Chantal Caron : L’envolée
Partie de sa terre nourricière de Saint-Jean-Port-Joli, Chantal Caron se pose à Québec, le temps de nous présenter La Noce. Rituels amoureux.
C’est une belle avancée pour la chorégraphe Chantal Caron, qui a créé la compagnie Fleuve – Espace danse en 2006, dans le but de diffuser ses oeuvres. Bien que la femme originaire du Bas-du-Fleuve soit loin d’être nouvelle dans le milieu, alors qu’elle a fondé sa propre école à Saint-Jean-Port-Joli en 1986, elle présentera pour une première fois une création de groupe en studio à Québec. Privilégiant les grands espaces qui s’étendent sous ses yeux – de sa maison juchée sur un cap, elle peut contempler la puissance du fleuve et sentir son énergie -, elle a déjà offert à la population de son coin de pays plusieurs créations in situ sur les rives du Saint-Laurent, de même qu’à Québec, à l’occasion des fêtes du 400e.
Ce défi du studio, elle le relève avec enthousiasme, tout en constatant la grande différence entre les deux types d’environnement: "Être dans une boîte noire du matin au soir, c’est un monde à part!

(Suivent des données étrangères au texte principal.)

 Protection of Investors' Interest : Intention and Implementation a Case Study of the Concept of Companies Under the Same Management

Ça m’amène à ramasser mon propos, à le peaufiner, car à l’intérieur, les regards sont braqués seulement sur toi; tu n’as pas la nature qui t’accompagne."
MOUVEMENTS MIGRATOIRES
La créatrice aurait difficilement pu passer à côté du ballet qui anime chaque année les berges du fleuve: le rituel passage des oies blanches, qui lui a servi d’inspiration pour sa pièce La Noce. D’abord créée à l’été 2008 dans son patelin, la pièce pour quatre danseurs prend aujourd’hui son envol à Québec, après trois semaines de résidence à La Rotonde. "La proposition initiale était plutôt lente, méditative. Là, c’est vraiment le contraire: ça bouge du début à la fin, c’est très vivant comme tableau", explique-t-elle.
Inspirée par les bipèdes ailés, la chorégraphe a donc créé une gestuelle particulière, "très exigeante pour les danseurs", mi-humaine, mi-oiseau. La scénographie lumineuse, épurée et parfois symbolique de Luc Archambault sculpte l’espace tout en laissant la place au mouvement.

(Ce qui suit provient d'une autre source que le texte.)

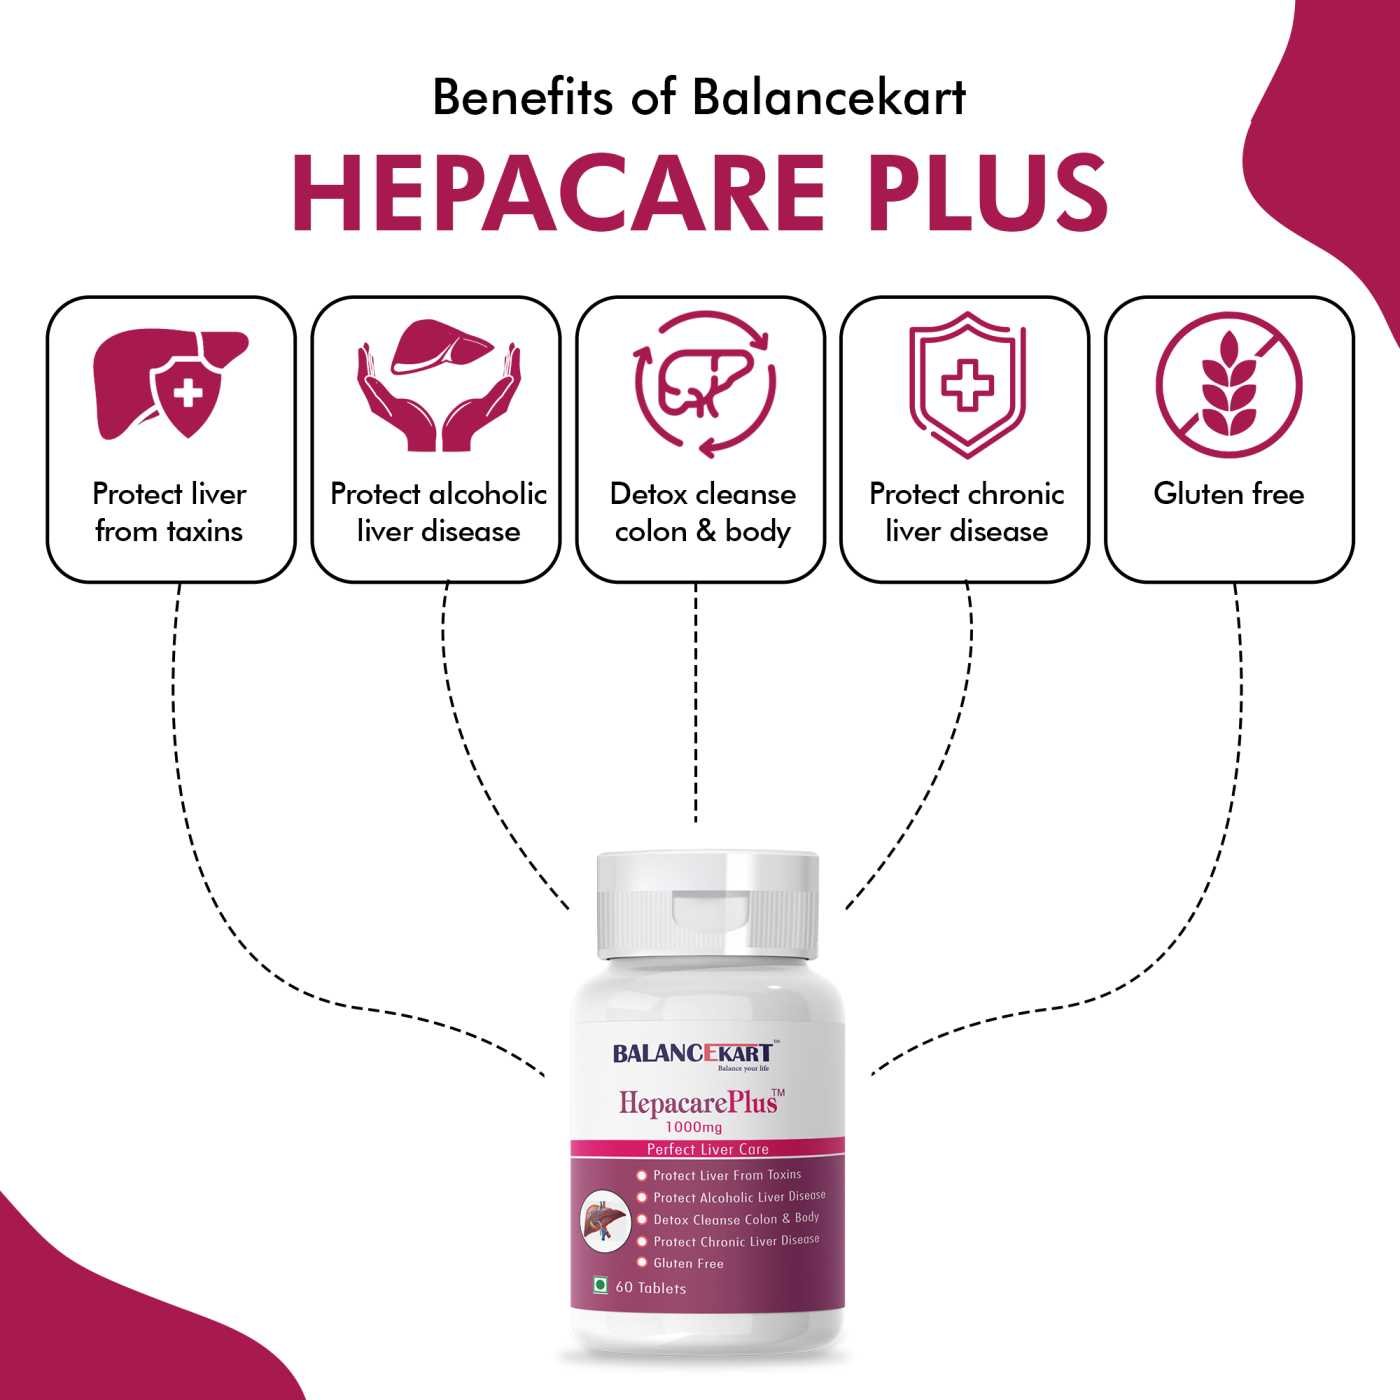 Hepacare Plus (60 Tablets) Liver Care - A perfect Liver care & Detox Ayurvedic and natural Herbs

Au coeur de son propos, cette idée de noce, de communion entre deux êtres. Chantal Caron dit d’ailleurs avoir toujours été fascinée par les mariages. "Dès que j’entends les cloches de l’église sonner, je m’empresse d’aller voir qui se marie!" confie celle qui a fait le grand saut après 30 ans de vie commune, l’automne dernier. Cependant, avertit-elle, la noce se comprend plutôt au sens métaphorique que figuré dans sa pièce, qu’elle a co-créée avec son assistante, Maude Drolet.
Ainsi, la pièce s’attarde plutôt à poser un regard sur les relations entre les êtres. "Tantôt, des duos se font plus agressifs ou fougueux, comme un couple, humain ou animal, peut l’être, tantôt plus sensuels, romantiques. Avec Maude, on a aussi beaucoup discuté de l’importance d’apprendre à s’aimer soi-même, de s’épouser soi-même. D’où les danseurs qui vont travailler avec le regard qu’on porte sur soi-même, à l’aide d’un miroir, par exemple." Ce regard, il reflétera l’hétérosexualité, mais aussi l’homosexualité. "C’était important pour nous de dire qu’aujourd’hui, il n’y a pas juste une sorte de couple qui existe."